Working data:
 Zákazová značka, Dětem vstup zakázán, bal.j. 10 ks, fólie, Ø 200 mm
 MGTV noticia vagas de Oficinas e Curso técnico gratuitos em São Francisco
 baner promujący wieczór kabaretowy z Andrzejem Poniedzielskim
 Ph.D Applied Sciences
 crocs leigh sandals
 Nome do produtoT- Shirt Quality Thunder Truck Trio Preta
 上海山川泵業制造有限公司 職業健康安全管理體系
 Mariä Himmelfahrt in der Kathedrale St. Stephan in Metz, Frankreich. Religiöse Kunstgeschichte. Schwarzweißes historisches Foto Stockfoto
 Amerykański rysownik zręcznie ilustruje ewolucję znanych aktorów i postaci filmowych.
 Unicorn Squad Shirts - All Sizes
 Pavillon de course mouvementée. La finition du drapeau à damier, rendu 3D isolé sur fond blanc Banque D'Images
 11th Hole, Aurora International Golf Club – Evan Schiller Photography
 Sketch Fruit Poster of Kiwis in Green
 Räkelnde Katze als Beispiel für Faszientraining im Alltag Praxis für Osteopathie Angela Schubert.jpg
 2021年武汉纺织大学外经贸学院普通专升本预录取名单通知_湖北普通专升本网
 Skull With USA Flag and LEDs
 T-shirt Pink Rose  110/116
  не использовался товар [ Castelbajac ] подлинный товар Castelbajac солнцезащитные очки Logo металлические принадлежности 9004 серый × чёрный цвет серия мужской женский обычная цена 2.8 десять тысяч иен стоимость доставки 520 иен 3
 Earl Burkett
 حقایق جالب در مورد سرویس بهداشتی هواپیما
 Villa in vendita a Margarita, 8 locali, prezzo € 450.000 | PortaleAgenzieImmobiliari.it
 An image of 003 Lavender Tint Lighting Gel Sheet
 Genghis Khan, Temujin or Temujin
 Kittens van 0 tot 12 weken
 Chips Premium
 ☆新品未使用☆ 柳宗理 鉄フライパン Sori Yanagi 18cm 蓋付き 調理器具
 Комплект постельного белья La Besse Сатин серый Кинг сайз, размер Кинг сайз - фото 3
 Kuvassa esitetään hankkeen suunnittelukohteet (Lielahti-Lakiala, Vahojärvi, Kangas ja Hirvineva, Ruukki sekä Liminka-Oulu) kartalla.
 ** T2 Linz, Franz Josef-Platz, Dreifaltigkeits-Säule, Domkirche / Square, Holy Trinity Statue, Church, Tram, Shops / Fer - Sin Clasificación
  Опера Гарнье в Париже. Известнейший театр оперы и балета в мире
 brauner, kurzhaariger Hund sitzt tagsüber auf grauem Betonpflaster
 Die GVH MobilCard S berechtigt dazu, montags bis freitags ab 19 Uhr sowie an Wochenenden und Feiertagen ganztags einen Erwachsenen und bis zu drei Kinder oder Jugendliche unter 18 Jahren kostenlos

Work item: Retrieve every line above holding the word "серый".

Completed exercise:
  не использовался товар [ Castelbajac ] подлинный товар Castelbajac солнцезащитные очки Logo металлические принадлежности 9004 серый × чёрный цвет серия мужской женский обычная цена 2.8 десять тысяч иен стоимость доставки 520 иен 3
 Комплект постельного белья La Besse Сатин серый Кинг сайз, размер Кинг сайз - фото 3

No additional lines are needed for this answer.